Step 8, the backup node j ' for enabling back end j, with alternate data node j.

The decision content is reverted to initial value 0 by step 9, arbitration node, and notifies that application node i back end j is effective, Enter step 10 afterwards；

After step 10, application node i receive the effective message of back end j that arbitration node is sent, regularly to data Node j sends connection request, to wait back end j to recover connection.

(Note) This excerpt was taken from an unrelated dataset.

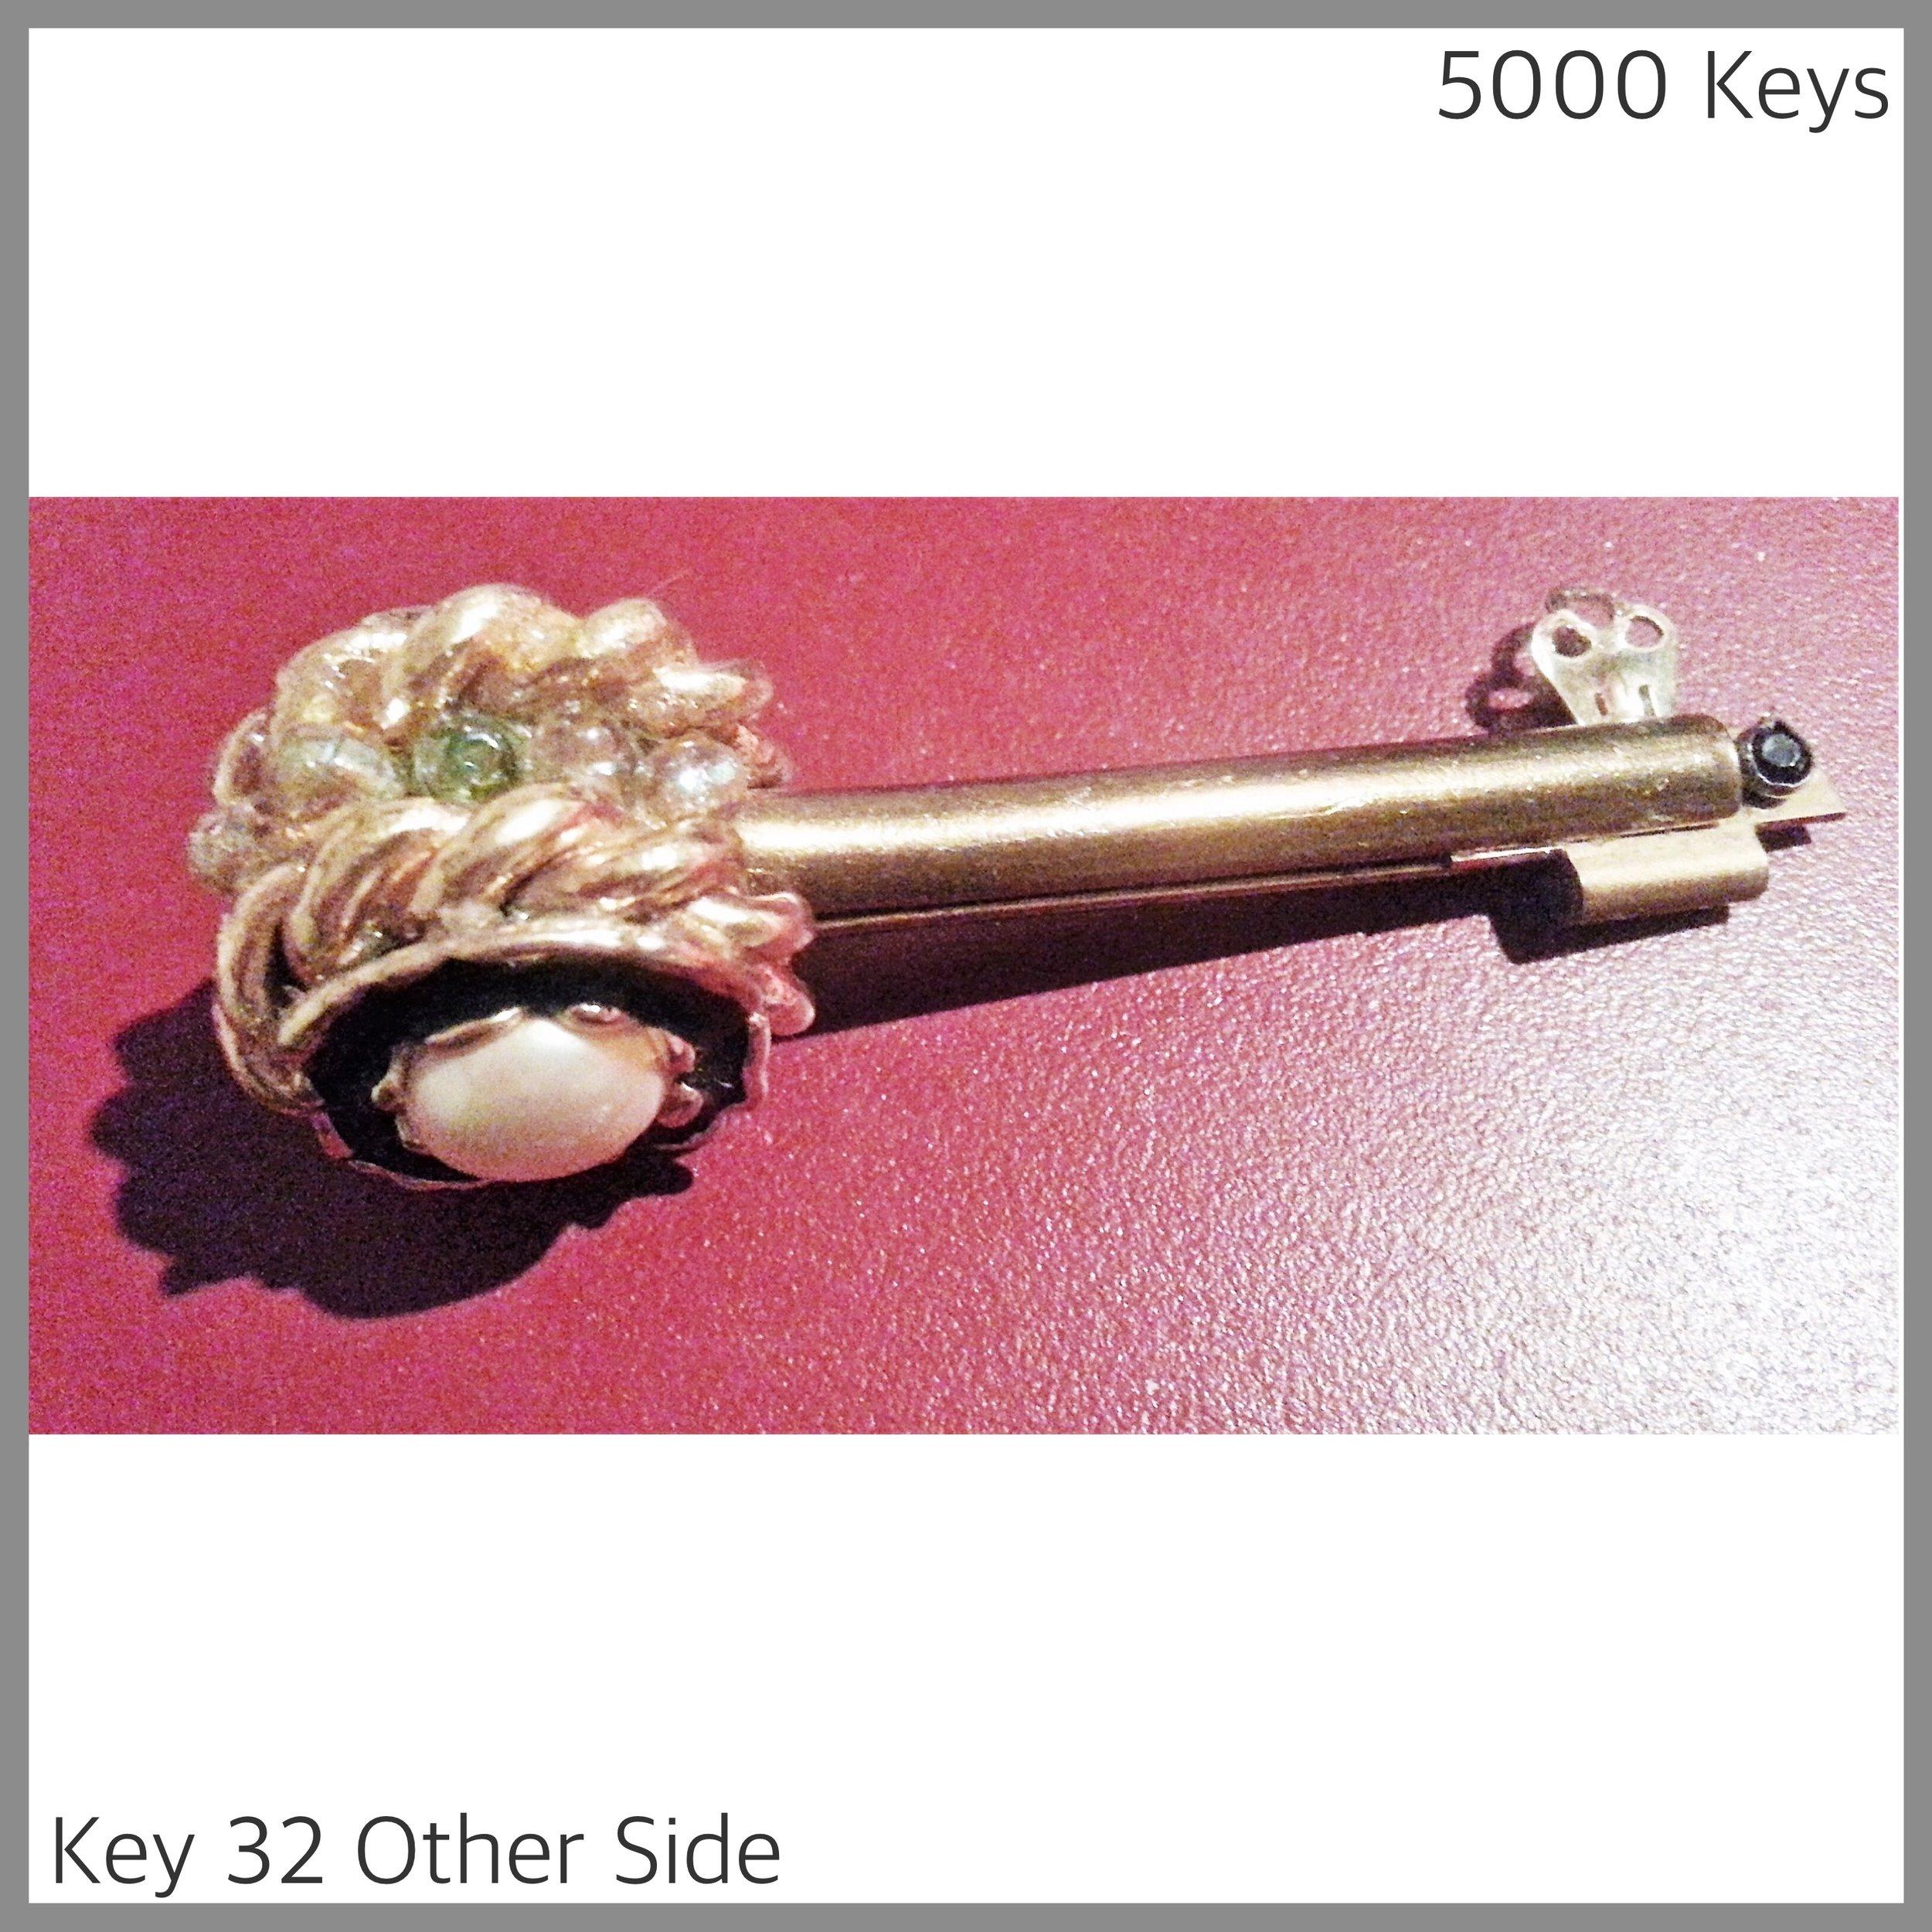 Key 32 other side.jpg
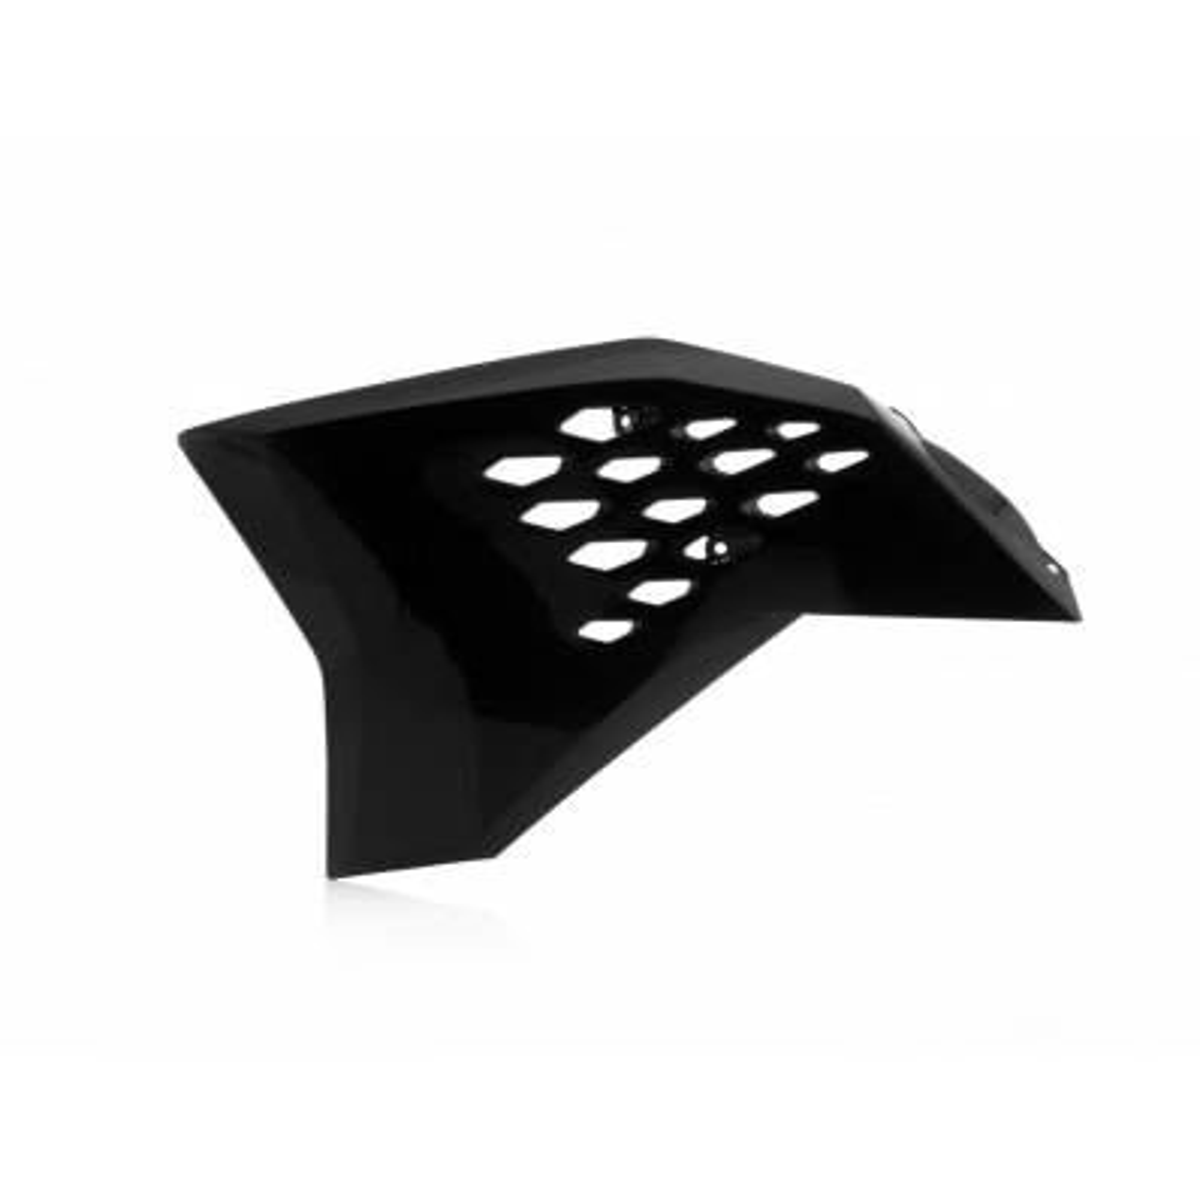 0010297-090 - Tapa Radiador Ktm 08 11 Negro

Method using fixed number really of the invention according to node failure, when a certain application node does not connect some back end Afterwards, connection request is sent to the back end to determine whether to connect the back end by multiple application nodes, and then Determine whether the back end fails, because each application node belongs to different IP, and then can avoid passing through in the prior art Same IP is influenceed due to network fluctuation when sending synchronization request to back end to caused by the single IP.The present invention is than existing Technology more accurately judges that back end is the temporary failure caused by network, or is forever lost caused by hardware reason Effect.

The foregoing is merely illustrative of the preferred embodiments of the present invention, is not intended to limit the invention, all essences in the present invention God any modification, equivalent substitution and improvements done etc., should be included within the scope of protection of the invention with principle.

Claims

1. a kind of method for determining back end failure, for distributed data base, this method includes：

In all application nodes for accessing the distributed data base, when any one application node does not connect the distribution During some back end in formula database, the broadcast for not connecting the back end is sent to other application node；

After other application node receives the broadcast, connection request is sent to the back end, to determine whether to connect The back end；

When the application node quantity that can not connect the back end reaches set threshold value, determine that the back end fails.

2. the method according to claim 1 for determining back end failure, it is characterised in that：

In all application nodes for accessing the distributed data base, any one application node is selected as arbitration node, The quantity of the application node of the back end can not be connected with statistics.

3. the method according to claim 2 for determining back end failure, it is characterised in that：

After the other application node sends connection request to the back end, whether the back end will can be connected Information is sent to the arbitration node；

The arbitration node receives the information that whether can connect the back end that all application nodes are sent, and the arbitration Node often receives the message that can not connect the back end that an application node is sent, and just does the decision content and once adds 1 Operation；

4. the method according to claim 1 for determining back end failure, it is characterised in that：The threshold value is described in access The half of all application node quantity of distributed data base.

5. the method according to claim 1 for determining back end failure, it is characterised in that determine that the back end fails Afterwards, methods described also includes：

The back end is deleted from the distributed data base；

Enable the backup node of the back end.

6. the method according to claim 3 for determining back end failure, it is characterised in that determine that the back end is effective Afterwards, methods described also includes：

The decision content is reverted into initial value 0；

The application node timing for not connecting the back end sends connection request to the back end, to wait the back end Recover connection.

7. the method according to claim 1 for determining back end failure, it is characterised in that when any one application node When not connecting some back end in the distributed data base, the application node is masked to the company of the back end Connect.

8. the method according to claim 1 for determining back end failure, it is characterised in that each application node belongs to Different IP.